Canonical variates for mixture modeling 


1 Introduction 


Discriminant analysis or supervised learning indicates a broad set of statistical methods aimed 
at classifying a categorical outcome variable Y, an indicator with K classes, on the basis of a 
(px 1) vector of features x. Among the several methods available for continuous features, one 
of the most popular approach is classical linear discriminant analysis (LDA). This method has 
been extended to quadratic discriminant analysis (QDA), and, more generally, to models based 
on finite mixture modeling of Gaussian densities. 

Independently from the statistical method adopted, visualization and graphics can play an 
important role in the understanding of the classification results. Typically, canonical variates 
are computed when the dimension of the features space is large. This allows us to visualize the 
classes on a reduced subspace, often bi-dimensional. However, canonical variates are tailored to 
LDA. Some methods have been proposed for QDA, while graphical methods for finite mixture 


modeling is still a research area to be explored. From a different point of view, Hennig (2004) has 


proposed an asymmetric discriminant projection method by looking at the projections where a 
class appears as homogeneous as possible and separated from the remaining groups. 

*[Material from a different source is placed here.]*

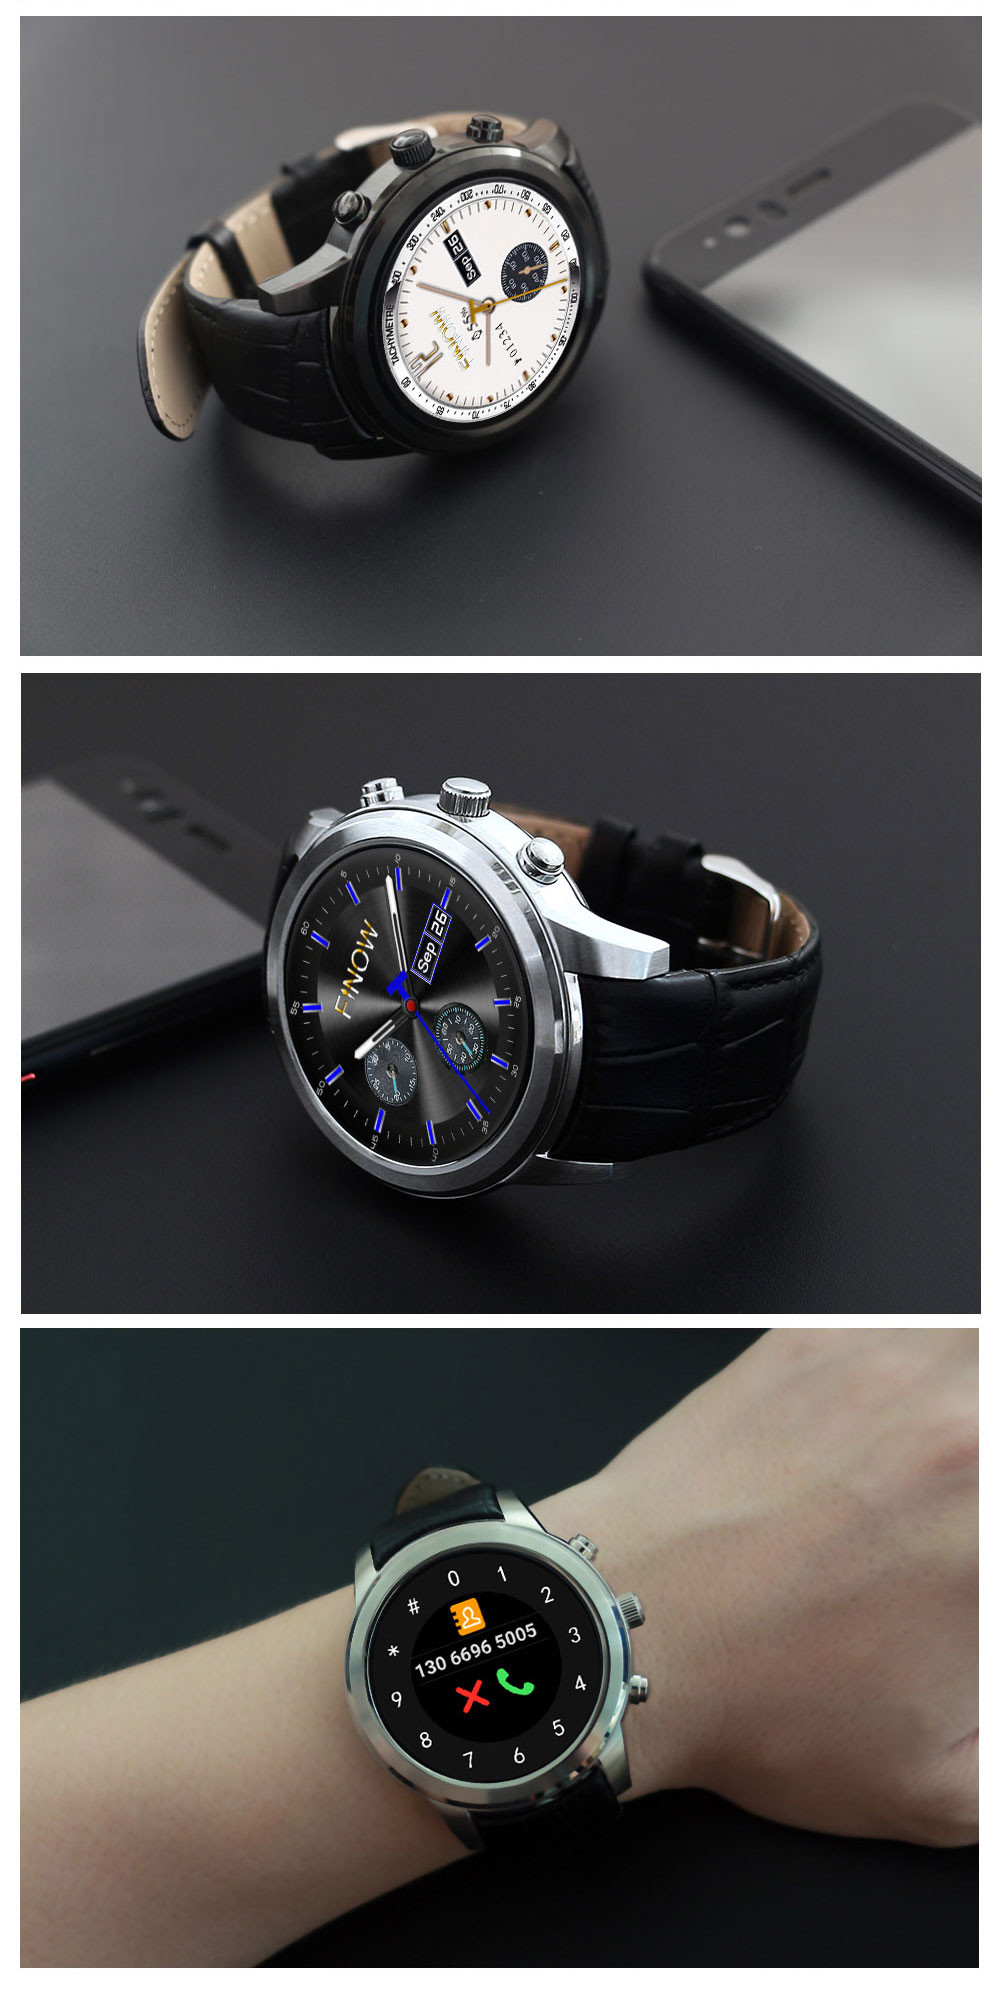 finow x5 air smart watch13

In this paper a dimension reduction method for visualizing and summarizing the fit of a 
model-based mixture discriminant analysis is discussed. The approach is an extension of the 


method proposed by Scrucca (2010) for model-based clustering. The estimated subspace is found 


by looking at the variation in class means and class covariances depending upon the assumed 
parameterization of the fitted Gaussian mixture model. The resulting projection subspace is able 
to capture most of the classification structure available in the data. The proposal reduces to LDA 
canonical variates for a specific parameterization of the mixture model, while it is equivalent to 
a recently proposed method for QDA. In all the other cases, the proposed visualization method 
is able to show the main geometric characteristics of the fitted mixture model. Furthermore, 
the proposal can be adapted to allow for the visualization of the separation among the classes.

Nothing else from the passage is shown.